Brasil, país dos medalhões: opiniões fortes, ideias fracas
- Paola Jochimsen
- 9 de mai.
- 5 min de leitura
O brasileiro médio do século XXI parece ter uma especialidade: falar com convicção sobre o que não entende. Opina sobre tudo com a confiança de um prêmio Nobel — mesmo quando mal leu a manchete. Essa figura tão familiar, que desfila certezas ocas e frases feitas, já foi retratada com precisão cirúrgica por Machado de Assis… em 1881.

Naquele ano, Machado publicou na Gazeta de Notícias o conto Teoria do Medalhão. Nele, um pai chama seu filho, Janjão, na noite em que completa 21 anos, e lhe dá conselhos sobre como se tornar alguém importante na sociedade. A conversa começa séria, mas logo mergulha num absurdo bem-vestido de sabedoria. “Uma vez entrado na carreira, deves pôr todo o cuidado nas ideias que houveres de nutrir para uso alheio e próprio. O melhor será não as ter absolutamente.”
Na teoria paterna, pensar é perigoso. Ter ideias, arriscado. E o sucesso social está em parecer profundo, basta falar exatamente o que querem ouvir. O tal Janjão é um arquétipo eterno e sua transformação no “medalhão perfeito” é assustadoramente atual. Na construção do medalhão, não bastava apenas parecer sábio; era preciso também ter os acessórios certos: um diploma, algum patrimônio e a retórica ensaiada da respeitabilidade. Na época, o pai dizia que Janjão já possuía tudo o que precisava:
“Não te ponhas com denguices, e falemos como dois amigos sérios. Fecha aquela porta; vou dizer-te coisas importantes. Senta-te e conversemos. Vinte e um anos, algumas apólices, um diploma, podes entrar no parlamento, na magistratura, na imprensa, na lavoura, na indústria, no comércio, nas letras ou nas artes. Há infinitas carreiras diante de ti. Vinte e um anos, meu rapaz, formam apenas a primeira sílaba do nosso destino. Os mesmos Pitt e Napoleão, apesar de precoces, não foram tudo aos vinte e um anos. Mas qualquer que seja a profissão da tua escolha, o meu desejo é que te faças grande e ilustre, ou pelo menos notável, que te levantes acima da obscuridade comum. A vida, Janjão, é uma enorme loteria; os prêmios são poucos, os malogrados inúmeros, e com os suspiros de uma geração é que se amassam as esperanças de outra. Isto é a vida; não há planger, nem imprecar, mas aceitar as coisas integralmente, com seus ônus e percalços, glórias e desdouros, e ir por diante.”.
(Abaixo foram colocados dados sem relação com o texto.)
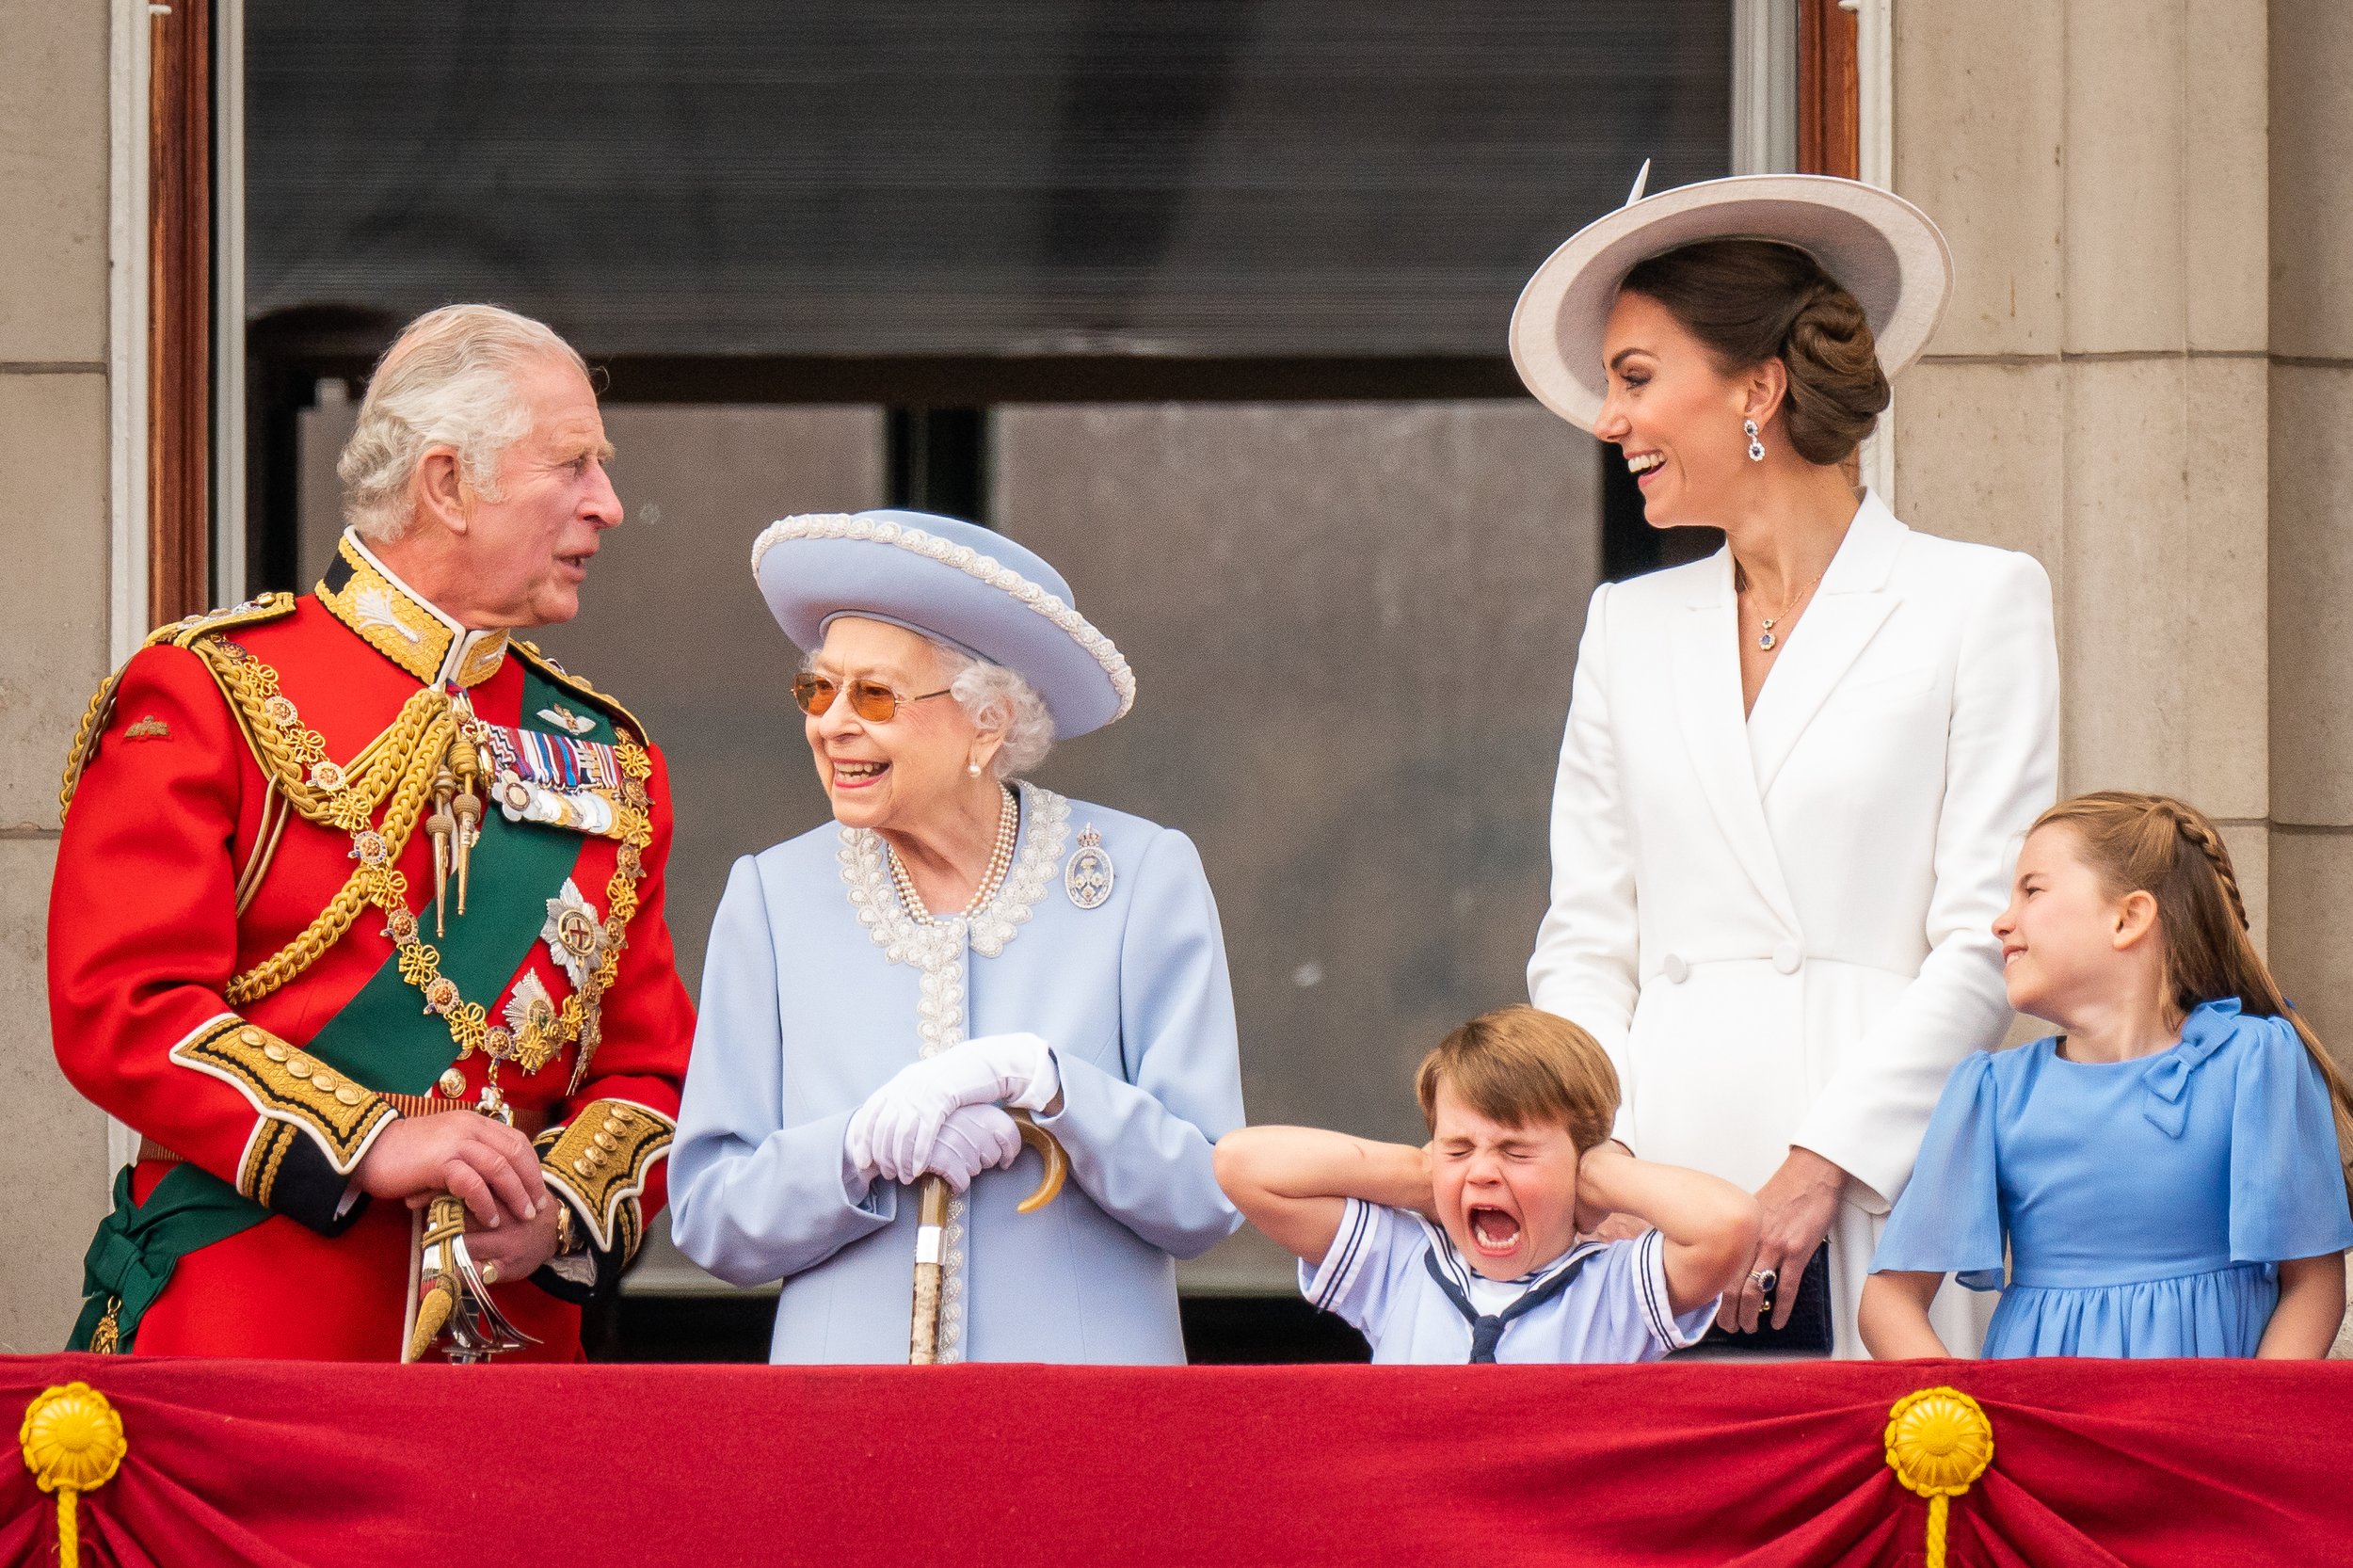  The Prince of Wales, Queen Elizabeth II, Prince Louis, the Duchess of Cambridge and Princess Charlotte on the balcony of Buckingham Palace after the Trooping the Colour ceremony at Horse Guards Parade, central London, as the Queen celebrates her off
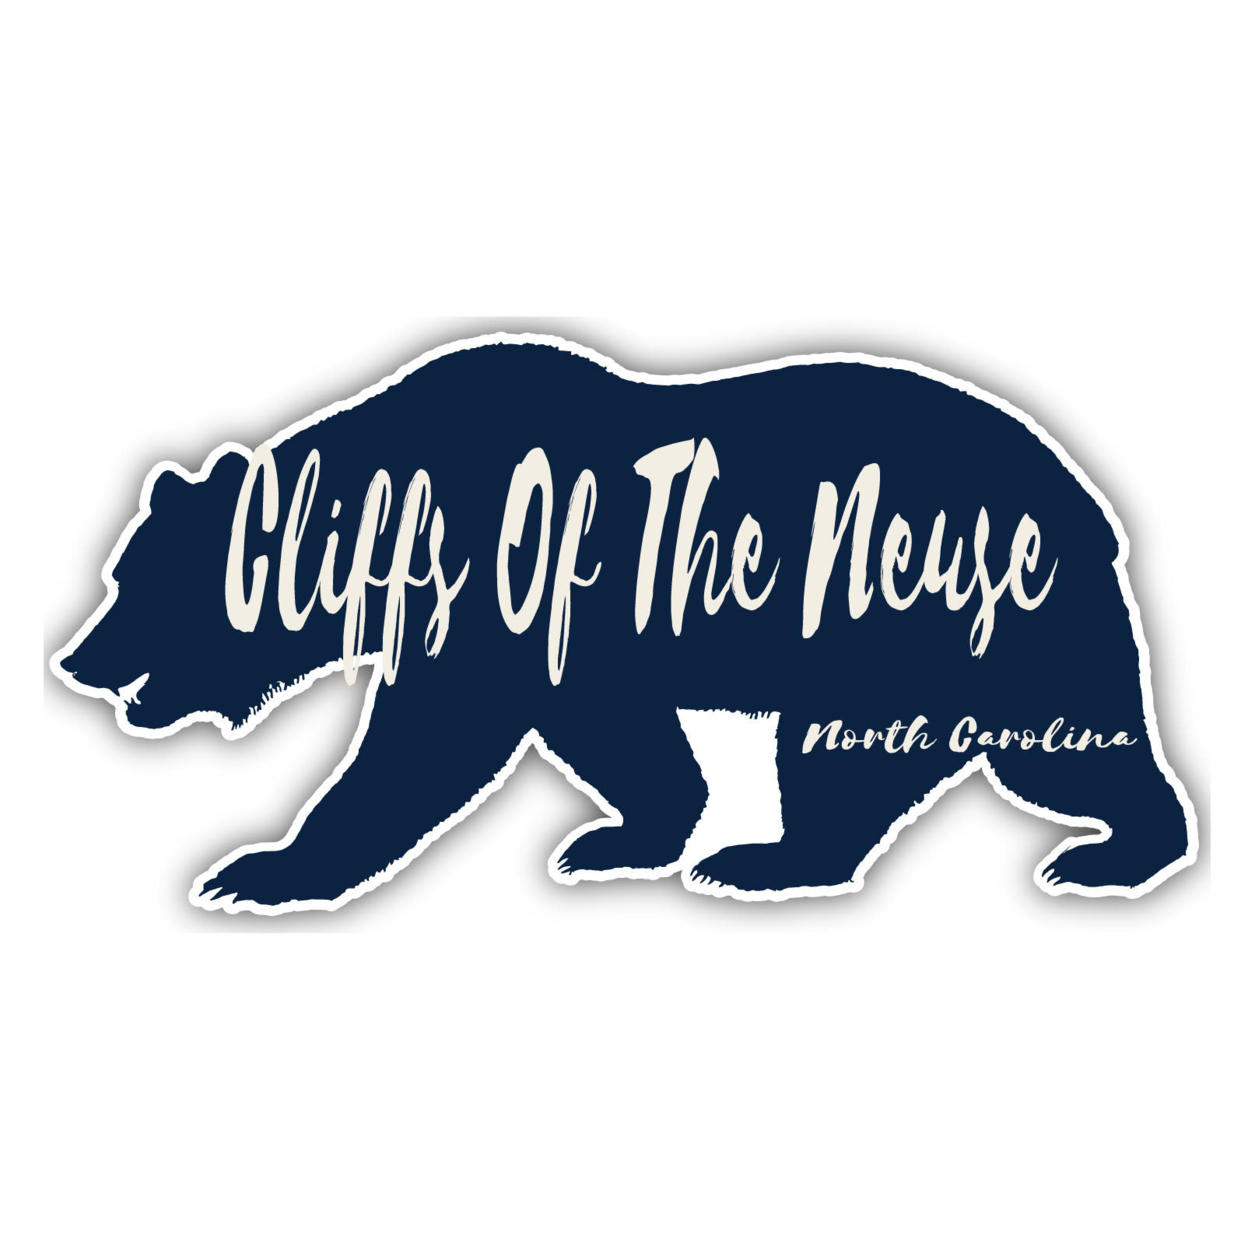 Cliffs Of The Neuse North Carolina Souvenir Decorative Stickers (Choose Theme And Size) - 4-Pack, 12-Inch, Bear

As “apólices” eram títulos da dívida pública emitidos pelo Império — rendiam juros. Ou seja, garantiam uma vida confortável sem precisar trabalhar. O diploma completava o pacote: status e aparência de saber. E só. Hoje, o jovem brasileiro também tem “apólices” — mas de outro tipo: dívidas. Em vez de receber juros do governo, ele começa a vida adulta devendo ao FIES, aos bancos, às fintechs, ao cartão de crédito e ao aluguel. O diploma, longe de ser passaporte para a elite, virou um papel parcelado em 48 vezes, mais simbólico que eficaz. Mas o espírito do medalhão sobrevive: o importante é parecer. Parecer que sabe, parecer que leu, parecer que entende. A pose continua valendo mais do que o conteúdo.
O pai de Janjão, com seu tom professoral, valoriza a “inópia mental”. Uma expressão que deveria ser hashtag nas redes sociais.
“Tu, meu filho, se me não engano, pareces dotado da perfeita inópia mental, conveniente ao uso deste nobre ofício.”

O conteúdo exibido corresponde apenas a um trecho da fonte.